The company’s goal is to manufacture commercial polymer ion-exchange membranes in China to treat industrial water.

OneAtom will start with a plant in China before looking to market its technology in the US, Europe and Africa.

The IPO, priced at 8c per share, opens July 17 and closes July 31 ahead of an August 10 listing on the National Stock Exchange (NSX).

It’s the third recent IPO launched on the NSX — Australia’s second stock market with 83 listed companies — after meat seller Hao Xian Yang and beauty retailer D-Full Holding Group.

OneAtom’s plan to float comes close on the heels of news of an $8 million IPO being undertaken by wastewater treatment business Calix.

Sydney-based Calix, which was founded in 2005, has patented a technology called Calix Flash Calcination. The process involves grinding down minerals and flash-heating them at up to 800 degrees, then snap freezing the gases that emerge.

The business has developed a range of products from this process, including ACTI-Mag, an inorganic compound that can be added to sewers and water treatment facilities to strip odour and control hydrogen sulphide gas in sewer systems.

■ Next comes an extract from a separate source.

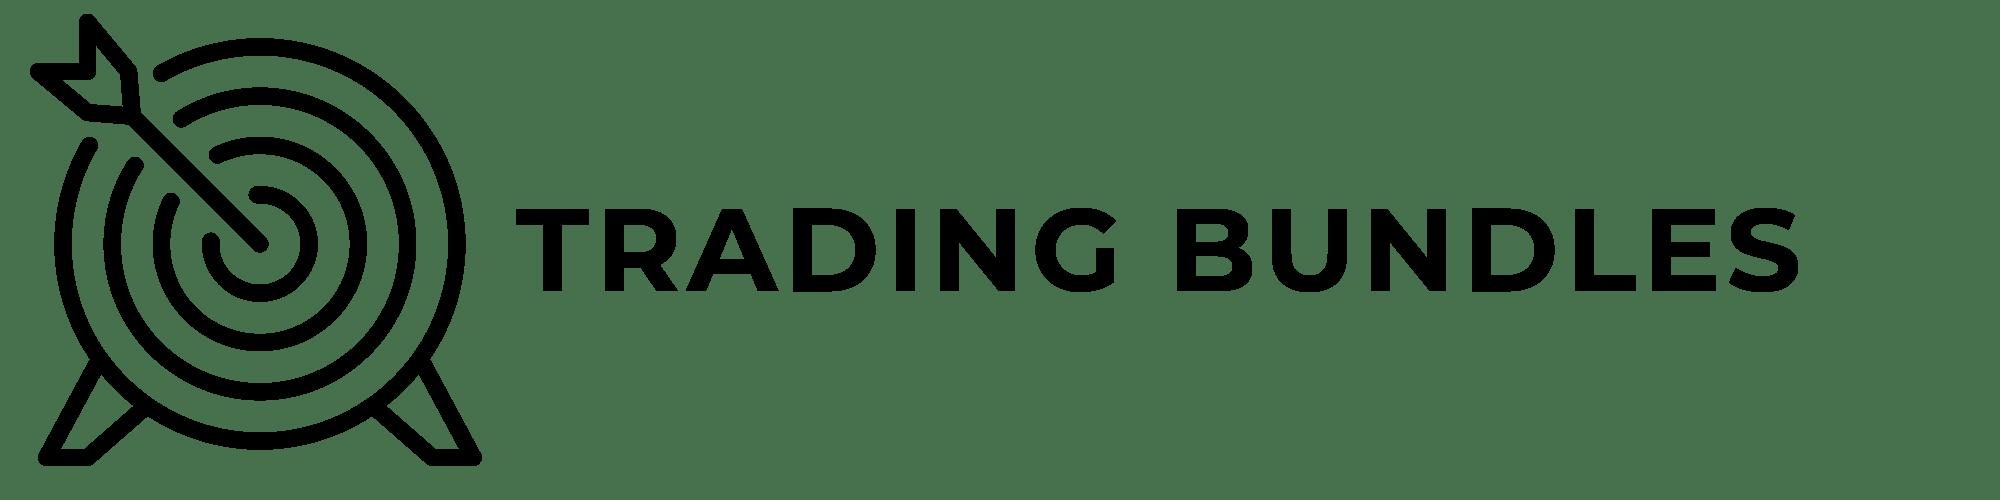 Trading Methods Menu Nav Image V3

Water treatment stocks on the nose

Water treatment stocks have been a bit hit and miss with investors over the past year, with ASX-listed players like Fluence tumbling 55 per cent to 39.5c and De.Mem sliding 61 per cent to 14c.

Fluence has the largest global reach. It is a result of a merger between ASX-listed Emefcy and US company RWC last year.

It has a footprint in China, Africa, Latin America, Asia, the US, and Europe, where it sells portable desalination units and water treatment units.

De.mem (ASX:DEM) operates in Asia and Australia, and also has an eye closely focused on China.

It has an exclusive licence to a water purifying membrane from the Nanyang Technological University in Singapore, and is partnering with Virtual Curtain China Limited (VCCL), whose tech is from CSIRO.

It owns an Australian, revenue making, business called Akwa-Worx, and has completed commercial trials of its nanofiltration membrane technology in Singapore and Vietnam.